E então hoje, durmo relaxada. Feliz. Em meu quarto novo. Nova fase. Estamos todos crescendo.
Estou fazendo para ela um monte de coisinhas para enfeitar o quarto. Estão quase todas prontas. E uma pessoa está fazendo para mim mais alguns acessórios. Com amor e carinho, para uma menina que está crescendo sem dor e sem choro. Naturalmente.

Então, esses dias, ela foi dormir e me pediu que ficasse para cantar uma música, porque “o sono não tá vindo pra mim, mãe”. Comecei a cantar uma canção que adoro e que acho que tem tudo a ver com maternidade: 

(…) Cabe o meu amor… Cabem três vidas inteiras. Cabe uma penteadeira. Cabe nós dois. Cabe o meu amor. Essa é a última oração pra salvar seu coração. Coração não é tão simples quanto pensa, nele cabe o que não cabe na despensa, cabe o meu amor…“. 

Ela virou para mim, me abraçou, me deu um beijo e dormiu profundo…

Então eu vou aproveitar esse post, que fala exatamente sobre amor de mãe, sobre coração, sobre amor mesmo, para te chamar a cantar com a gente essa mesma canção especial.
A Kalu Brum, do Mamíferas, que agora integra o Vila Mamífera, pensou em fazer algo todo mundo junto para o dia das mães, me perguntou o que eu achava, eu disse que achava que tinha que ser uma coisa musical, mas não acertávamos na música. E foi depois dessa noite que eu descrevi ali em cima que sugeri a música ORAÇÃO, da Banda Mais Bonita da Cidade. E ela topou na hora. 

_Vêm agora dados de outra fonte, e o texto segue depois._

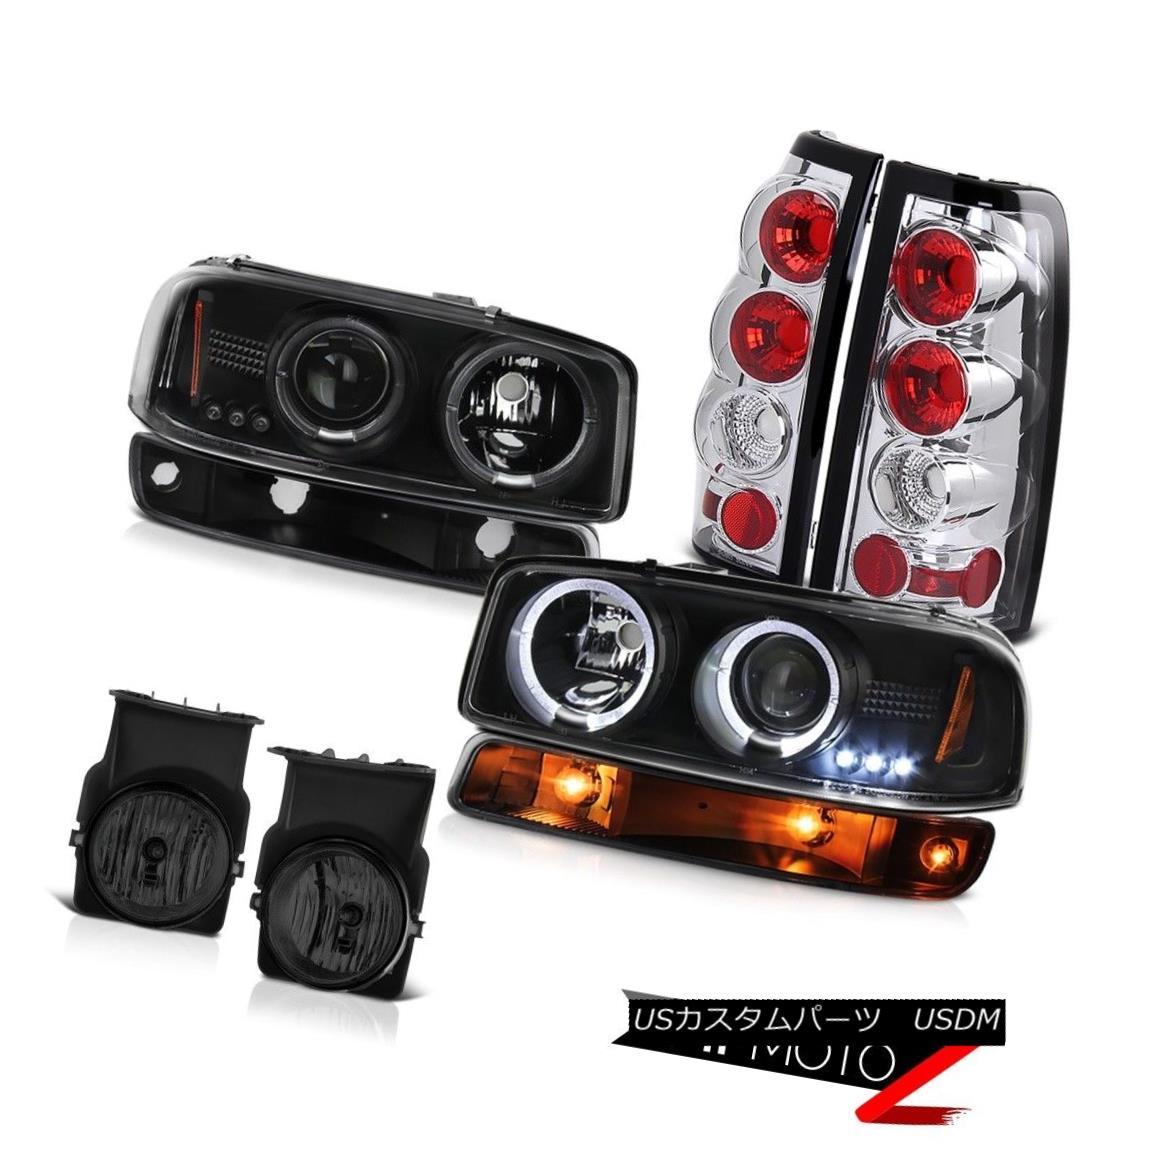 ヘッドライト 03-06 Sierra 5.3L Smoked foglights chrome tail lights parking light headlamps 03-06シエラ5.3Lスモークフォグライトクロームテールライトパーキングライトヘッドランプ

Então queremos te convidar pra fazer isso com a gente. 

Nós estamos reunindo mulheres, crianças, companheiros, avós, amigos, todo mundo, para celebrar o dia das mães com música, amor e sem apelo comercial. Será um presente coletivo a todas as mães por seu dia. 
Para participar é bastante simples: basta cantar (você, seus filhos, seu companheiro, seus amigos, seus familiares, quem você quiser) a música ORAÇÃO, da Banda Mais Bonita da Cidade (que você pode assistir ali embaixo) e filmar caseirinho. Filme com a web cam, ou com o celular ou máquina fotográfica. 
E depois nos mande! Veja na imagem todo mundo que está participando dessa ação e para onde você deve enviar seu vídeo. Nós vamos juntar os melhores trechos de todos os vídeos em um único e vamos dar de presente a todas as mães. 
É uma ação para celebrar o amor. Para cantar quanto amor cabe em um coração.
No meu coração, no momento, cabe um amor infinito por uma menina que acaba de conquistar seu próprio espaço. 
Cabem nuvens, e bichinhos, e livrinhos e muita bagunça.
Cabe uma penteadeira, cabe nós duas, cabem três vidas inteiras.